§ **Assignment**: Where a picture appears, skip it and copy everything else in the listing exactly.

§ **Records for the task**:
++++++++

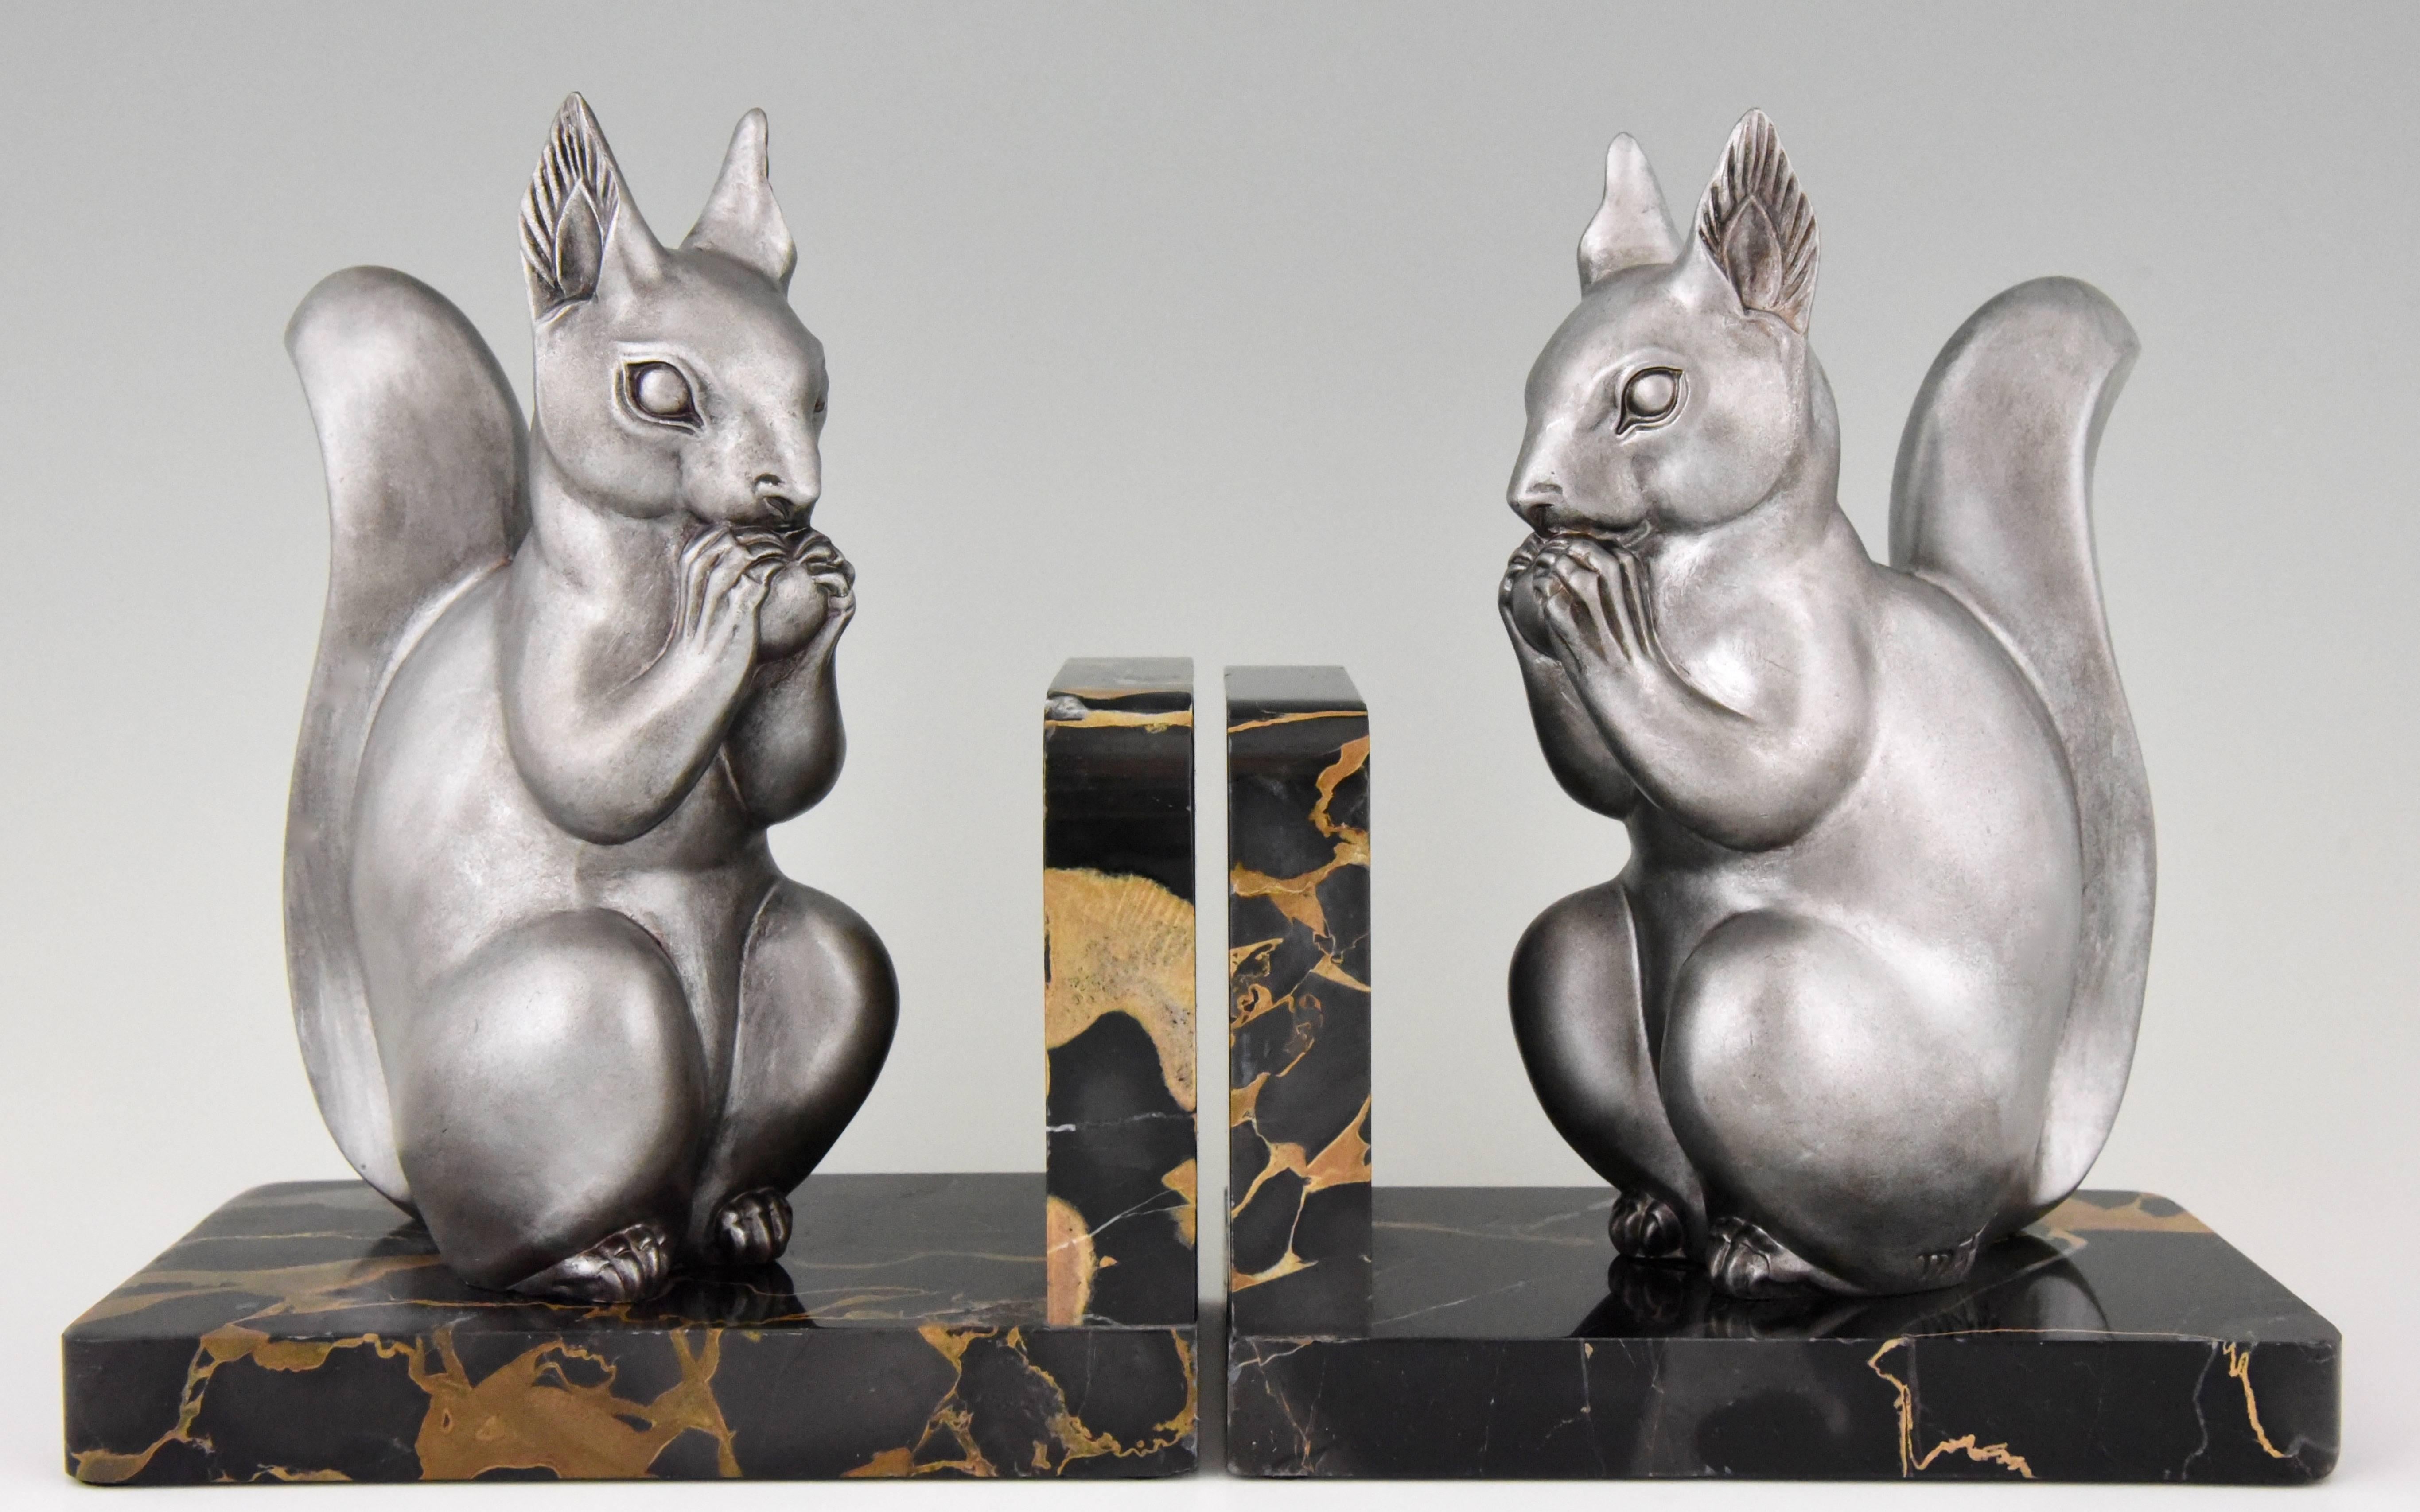 Cute pair of Art Deco squirrel bookends signed by M. Font on a Portor marble base.
Signature/ marks: M. Font.
Style: Art Deco
Date: 1930
Material: Art metal with silver patina. Portor marble base.
Origin: France
Size: H 19.5 cm x L 16 cm. x W

++++++++

§ **Answer for the task**:
 Cute pair of Art Deco squirrel bookends signed by M. Font on a Portor marble base.
Signature/ marks: M. Font.
Style: Art Deco
Date: 1930
Material: Art metal with silver patina. Portor marble base.
Origin: France
Size: H 19.5 cm x L 16 cm. x W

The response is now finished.